Pada tahun 1942 semua kesatuan bersenjata keraton Yogyakarta dibubarkan oleh pemerintahan Jepang. Tetapi mulai tahun 1970 kegiatan para prajurit keraton dihidupkan kembali. Dari ke tiga belas prajurit yang pernah ada baru sepuluh kesatuan atau bergada yang direkonstruksi dengan beberapa perubahan, baik dari pakaiannya, senjatanya maupun jumlah personil. (lihat foto-foto yang ditampilkan). Dewasa ini, kesepuluh kesatuan prajurit tersebut masih dapat dilihat oleh masyarakat umum paling tidak se tahun tiga kali, yaitu pada upacara Garebeg Mulud, Garebeg Besar dan Garebeg Syawal, di alun-alun utara Keraton Ngayogyakarta Hadiningrat.
Prajurit Kraton Yogyakarta saat ini terdiri atas 10 Bregada (Brigade). Perbedaan antar bregada yang satu dengan yang lain ditentukan menurut atribut panji-panji (bendera), busana, dan kelengkapannya. Nama-nama bregada/ pasukan itu adalah Prajurit Wirabraja, Prajurit Dhaeng, Prajurit Patangpuluh, Prajurit Jagakarya, Prajurit Prawiratama, Prajurit Nyutra, Prajurit Ketanggung, Prajurit Mantrijero, Prajurit Bugis, dan Prajurit Surakarsa. Semua nama bregada prajurit, mode atribut panji-panji, warna busana, dan kelengkapan dalam prajurit Kraton Yogyakarta mempunyai makna filosofis. Berikut akan diberikan analisis makna filosofis atas nama-nama kesatuan tersebut.

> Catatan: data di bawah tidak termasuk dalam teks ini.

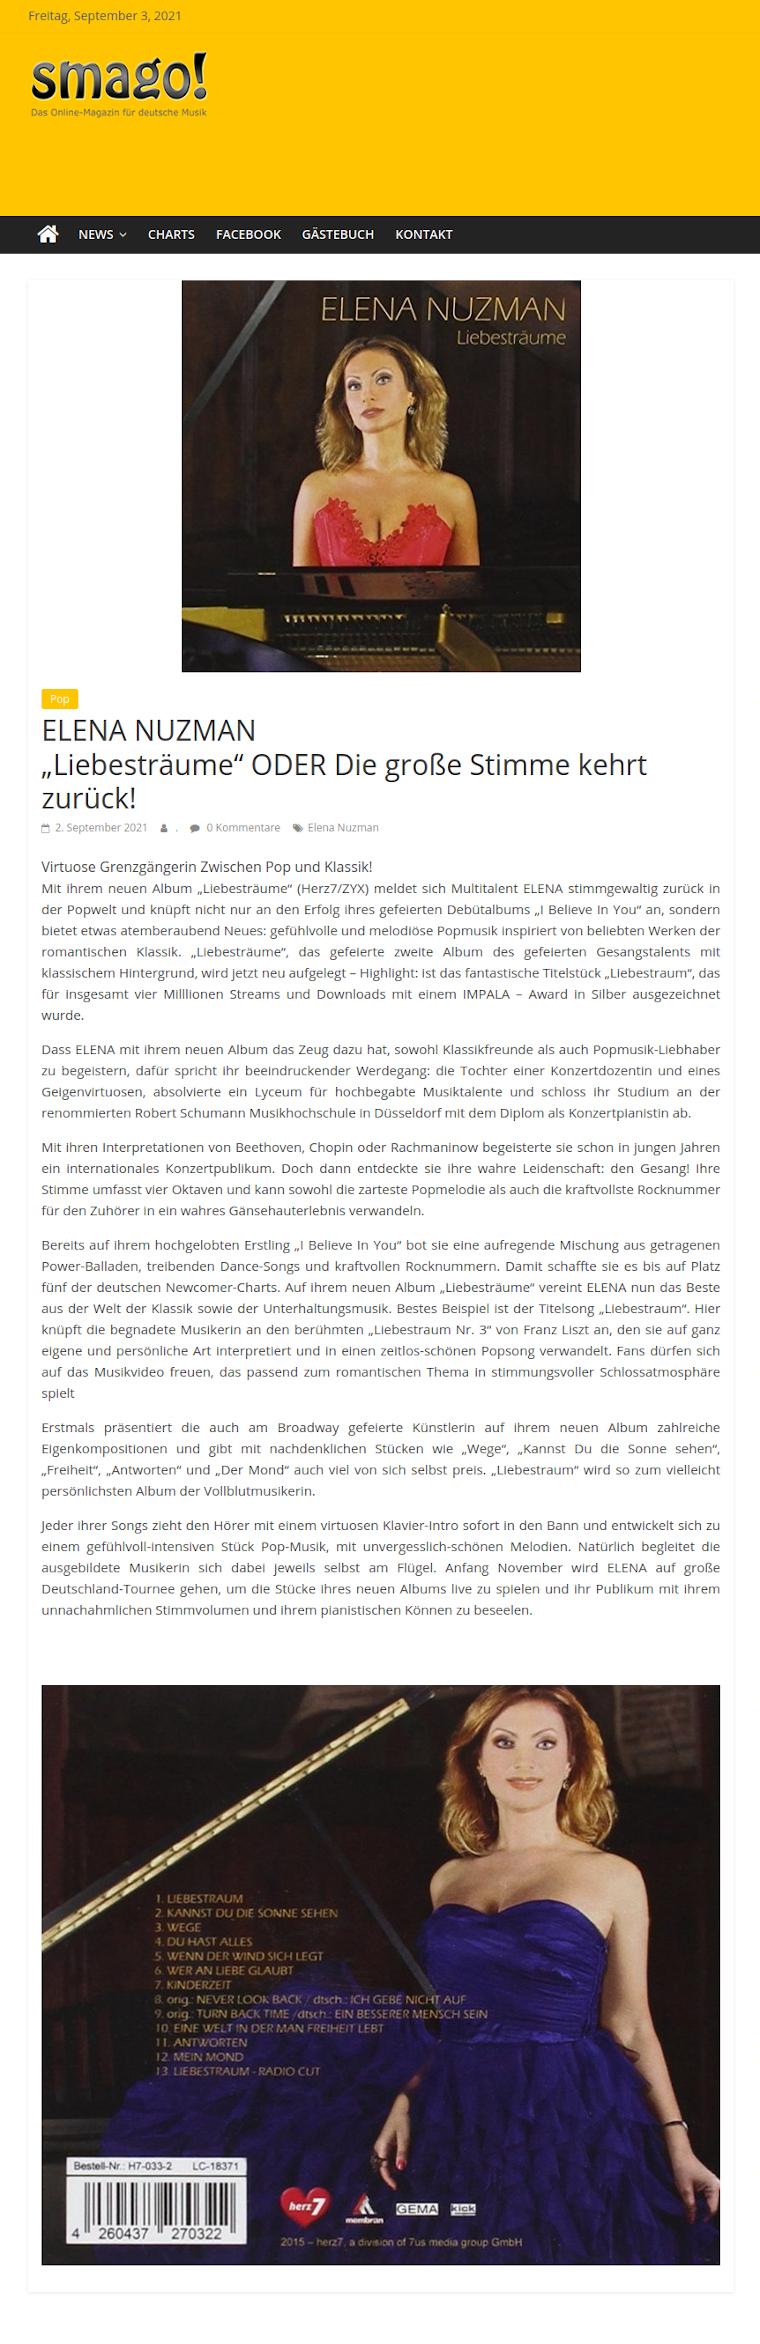 Elena Nuzman - smago.de - September 2021

1.    Prajurit Wirobrojo, Barisan Terdepan Prajurit Kraton Yogyakarta


Pada masa penjajahan, prajurit Wirobrojo berada digaris depan dalam setiap pertempuran, dan hingga saat inipun keberadaan prajurit Wirobrojo ini dalam upacara upacara yang diadakan keraton Yogyakarta seperti upacara gerebeg, Prajurit Wirobrojo berada paling depan dalam urutan defile.
   
Gambar 1. Prajurit Wirobrojo

Prajurit Wirobrojo dahulu ditempatkan disisi barat luar benteng Keraton Kasultanan Yogyakarta. Hal ini bertujuan sebagai penghalau sekaligus mempertahankan benteng keraton dari serangan musuh yang datang dari arah barat keraton. Dan hingga saat ini nama tempat tersebut menjadi satu kampung dengan sebutan Wirobrajan. 
Nama Wirobrojo berasal dari kata Wiro dan brojo, yang berasal dari bahasa sansekerta. Kata Wiro berarti berani dan Brojo berarti tajam.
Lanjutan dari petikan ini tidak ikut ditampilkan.